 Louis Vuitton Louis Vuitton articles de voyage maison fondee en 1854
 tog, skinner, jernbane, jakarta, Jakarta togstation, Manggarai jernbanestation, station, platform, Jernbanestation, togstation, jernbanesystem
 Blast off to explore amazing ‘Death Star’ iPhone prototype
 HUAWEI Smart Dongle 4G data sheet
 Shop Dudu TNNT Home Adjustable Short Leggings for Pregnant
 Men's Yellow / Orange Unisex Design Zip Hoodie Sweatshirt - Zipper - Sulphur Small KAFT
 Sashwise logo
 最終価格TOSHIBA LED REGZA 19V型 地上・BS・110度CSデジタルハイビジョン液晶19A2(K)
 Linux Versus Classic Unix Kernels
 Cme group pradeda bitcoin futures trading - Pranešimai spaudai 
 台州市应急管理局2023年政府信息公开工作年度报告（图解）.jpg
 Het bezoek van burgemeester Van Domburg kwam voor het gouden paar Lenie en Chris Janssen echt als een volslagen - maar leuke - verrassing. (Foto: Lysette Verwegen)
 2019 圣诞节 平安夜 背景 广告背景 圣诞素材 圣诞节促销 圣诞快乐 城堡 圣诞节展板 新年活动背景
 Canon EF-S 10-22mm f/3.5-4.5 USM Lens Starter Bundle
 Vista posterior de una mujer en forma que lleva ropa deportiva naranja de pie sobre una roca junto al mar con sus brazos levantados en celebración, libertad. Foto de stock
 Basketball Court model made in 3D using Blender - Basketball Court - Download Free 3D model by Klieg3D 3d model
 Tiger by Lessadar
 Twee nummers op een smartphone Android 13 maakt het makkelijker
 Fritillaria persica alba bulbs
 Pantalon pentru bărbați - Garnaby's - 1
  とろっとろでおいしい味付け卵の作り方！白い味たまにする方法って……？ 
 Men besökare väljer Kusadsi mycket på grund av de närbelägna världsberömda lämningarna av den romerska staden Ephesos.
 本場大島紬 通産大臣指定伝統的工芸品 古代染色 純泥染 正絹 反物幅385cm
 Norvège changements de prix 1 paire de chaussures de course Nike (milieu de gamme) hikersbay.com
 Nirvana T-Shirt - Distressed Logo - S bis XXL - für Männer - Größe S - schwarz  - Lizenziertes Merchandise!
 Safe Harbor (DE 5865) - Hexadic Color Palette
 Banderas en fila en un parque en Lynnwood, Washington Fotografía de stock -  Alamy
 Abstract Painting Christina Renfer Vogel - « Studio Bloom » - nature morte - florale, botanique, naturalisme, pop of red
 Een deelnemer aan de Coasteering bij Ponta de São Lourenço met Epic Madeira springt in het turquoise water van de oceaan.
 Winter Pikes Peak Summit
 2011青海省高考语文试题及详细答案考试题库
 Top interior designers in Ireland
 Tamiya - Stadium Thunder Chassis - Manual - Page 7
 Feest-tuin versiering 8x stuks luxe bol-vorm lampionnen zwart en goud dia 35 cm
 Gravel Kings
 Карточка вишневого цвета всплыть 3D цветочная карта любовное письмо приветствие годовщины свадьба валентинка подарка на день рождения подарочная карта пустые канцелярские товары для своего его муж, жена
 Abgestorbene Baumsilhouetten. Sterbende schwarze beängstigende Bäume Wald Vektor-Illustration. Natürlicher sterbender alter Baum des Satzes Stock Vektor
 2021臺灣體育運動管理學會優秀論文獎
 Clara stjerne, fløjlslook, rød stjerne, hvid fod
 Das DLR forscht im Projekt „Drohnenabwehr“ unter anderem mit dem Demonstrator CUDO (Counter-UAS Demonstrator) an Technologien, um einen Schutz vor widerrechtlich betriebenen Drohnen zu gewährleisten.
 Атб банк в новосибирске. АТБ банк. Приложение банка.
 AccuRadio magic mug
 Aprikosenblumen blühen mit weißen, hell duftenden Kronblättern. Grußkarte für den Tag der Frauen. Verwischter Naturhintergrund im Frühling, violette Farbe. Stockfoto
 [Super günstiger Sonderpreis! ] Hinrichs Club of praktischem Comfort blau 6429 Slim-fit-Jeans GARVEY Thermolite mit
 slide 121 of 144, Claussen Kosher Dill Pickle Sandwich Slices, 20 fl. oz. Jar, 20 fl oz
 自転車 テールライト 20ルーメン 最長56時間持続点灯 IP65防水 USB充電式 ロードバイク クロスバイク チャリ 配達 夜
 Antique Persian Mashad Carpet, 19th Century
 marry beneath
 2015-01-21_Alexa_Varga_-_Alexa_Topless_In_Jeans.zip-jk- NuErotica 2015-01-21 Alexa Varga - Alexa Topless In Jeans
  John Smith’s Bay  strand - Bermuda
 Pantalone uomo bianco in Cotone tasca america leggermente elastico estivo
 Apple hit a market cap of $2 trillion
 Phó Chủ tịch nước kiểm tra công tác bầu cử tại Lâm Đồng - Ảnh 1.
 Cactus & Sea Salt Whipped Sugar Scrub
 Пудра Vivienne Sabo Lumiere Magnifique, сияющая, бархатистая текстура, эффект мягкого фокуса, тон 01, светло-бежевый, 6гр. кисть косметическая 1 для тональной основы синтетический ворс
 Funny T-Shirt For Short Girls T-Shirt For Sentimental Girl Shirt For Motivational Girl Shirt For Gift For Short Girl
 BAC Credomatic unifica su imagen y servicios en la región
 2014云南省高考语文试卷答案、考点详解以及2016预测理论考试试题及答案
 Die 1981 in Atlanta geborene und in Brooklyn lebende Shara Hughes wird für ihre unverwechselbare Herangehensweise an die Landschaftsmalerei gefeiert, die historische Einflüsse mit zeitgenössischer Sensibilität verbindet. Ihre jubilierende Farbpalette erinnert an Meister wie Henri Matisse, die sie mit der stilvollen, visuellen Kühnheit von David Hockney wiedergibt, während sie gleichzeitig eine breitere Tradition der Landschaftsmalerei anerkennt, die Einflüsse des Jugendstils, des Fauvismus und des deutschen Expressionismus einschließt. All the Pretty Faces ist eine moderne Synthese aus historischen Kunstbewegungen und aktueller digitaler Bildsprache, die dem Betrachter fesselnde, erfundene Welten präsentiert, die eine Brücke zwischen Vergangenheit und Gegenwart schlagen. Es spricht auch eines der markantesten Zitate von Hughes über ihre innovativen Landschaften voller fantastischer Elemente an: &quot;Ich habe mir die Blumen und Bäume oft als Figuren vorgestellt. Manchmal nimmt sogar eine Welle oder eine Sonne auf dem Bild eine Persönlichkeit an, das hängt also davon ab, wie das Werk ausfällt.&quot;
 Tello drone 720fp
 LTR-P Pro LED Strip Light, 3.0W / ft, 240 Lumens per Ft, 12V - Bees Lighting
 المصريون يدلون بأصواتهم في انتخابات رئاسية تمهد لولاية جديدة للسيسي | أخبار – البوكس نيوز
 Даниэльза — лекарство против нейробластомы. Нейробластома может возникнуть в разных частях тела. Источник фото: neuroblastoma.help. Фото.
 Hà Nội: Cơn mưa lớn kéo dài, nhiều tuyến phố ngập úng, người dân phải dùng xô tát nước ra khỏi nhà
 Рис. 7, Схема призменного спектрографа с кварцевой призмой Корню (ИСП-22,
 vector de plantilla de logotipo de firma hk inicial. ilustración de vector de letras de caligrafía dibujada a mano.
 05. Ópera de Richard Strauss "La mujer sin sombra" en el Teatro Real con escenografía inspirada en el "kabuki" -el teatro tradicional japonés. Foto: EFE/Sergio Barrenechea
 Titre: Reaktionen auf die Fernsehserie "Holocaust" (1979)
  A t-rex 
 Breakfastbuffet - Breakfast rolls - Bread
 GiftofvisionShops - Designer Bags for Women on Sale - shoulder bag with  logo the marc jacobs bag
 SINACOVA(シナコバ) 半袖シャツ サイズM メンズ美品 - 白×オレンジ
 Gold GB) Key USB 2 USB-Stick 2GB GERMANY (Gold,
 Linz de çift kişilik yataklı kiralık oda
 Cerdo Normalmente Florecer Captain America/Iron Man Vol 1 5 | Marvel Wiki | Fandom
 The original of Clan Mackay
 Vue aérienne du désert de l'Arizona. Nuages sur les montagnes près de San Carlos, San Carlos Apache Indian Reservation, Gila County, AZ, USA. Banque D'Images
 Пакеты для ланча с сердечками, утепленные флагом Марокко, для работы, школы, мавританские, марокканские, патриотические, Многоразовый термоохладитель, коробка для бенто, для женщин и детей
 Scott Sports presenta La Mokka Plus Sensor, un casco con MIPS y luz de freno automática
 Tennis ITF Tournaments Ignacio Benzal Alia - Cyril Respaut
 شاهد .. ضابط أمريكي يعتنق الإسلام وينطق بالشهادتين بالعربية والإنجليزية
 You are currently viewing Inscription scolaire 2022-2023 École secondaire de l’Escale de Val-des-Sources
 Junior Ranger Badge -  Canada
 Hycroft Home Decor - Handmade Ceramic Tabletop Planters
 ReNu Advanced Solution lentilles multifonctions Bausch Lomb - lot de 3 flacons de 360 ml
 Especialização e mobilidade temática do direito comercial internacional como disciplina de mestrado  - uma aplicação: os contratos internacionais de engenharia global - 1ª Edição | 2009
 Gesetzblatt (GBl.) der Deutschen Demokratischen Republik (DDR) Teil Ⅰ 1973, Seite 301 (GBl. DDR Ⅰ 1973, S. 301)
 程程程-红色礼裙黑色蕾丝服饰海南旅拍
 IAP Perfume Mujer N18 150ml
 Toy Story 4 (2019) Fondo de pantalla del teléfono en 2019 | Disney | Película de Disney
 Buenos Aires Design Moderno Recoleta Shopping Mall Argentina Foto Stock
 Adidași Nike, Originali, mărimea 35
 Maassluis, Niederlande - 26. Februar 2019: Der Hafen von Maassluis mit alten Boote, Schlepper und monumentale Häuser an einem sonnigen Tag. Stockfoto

━━━━━━━━━━━━━━━━━━━━

_Required action_. Your reply is to repeat, unchanged, the lines above running from the one with "2021臺灣體育運動管理學會優秀論文獎" up to and including the one with "marry beneath".

_Answer to this problem_.
 2021臺灣體育運動管理學會優秀論文獎
 Clara stjerne, fløjlslook, rød stjerne, hvid fod
 Das DLR forscht im Projekt „Drohnenabwehr“ unter anderem mit dem Demonstrator CUDO (Counter-UAS Demonstrator) an Technologien, um einen Schutz vor widerrechtlich betriebenen Drohnen zu gewährleisten.
 Атб банк в новосибирске. АТБ банк. Приложение банка.
 AccuRadio magic mug
 Aprikosenblumen blühen mit weißen, hell duftenden Kronblättern. Grußkarte für den Tag der Frauen. Verwischter Naturhintergrund im Frühling, violette Farbe. Stockfoto
 [Super günstiger Sonderpreis! ] Hinrichs Club of praktischem Comfort blau 6429 Slim-fit-Jeans GARVEY Thermolite mit
 slide 121 of 144, Claussen Kosher Dill Pickle Sandwich Slices, 20 fl. oz. Jar, 20 fl oz
 自転車 テールライト 20ルーメン 最長56時間持続点灯 IP65防水 USB充電式 ロードバイク クロスバイク チャリ 配達 夜
 Antique Persian Mashad Carpet, 19th Century
 marry beneath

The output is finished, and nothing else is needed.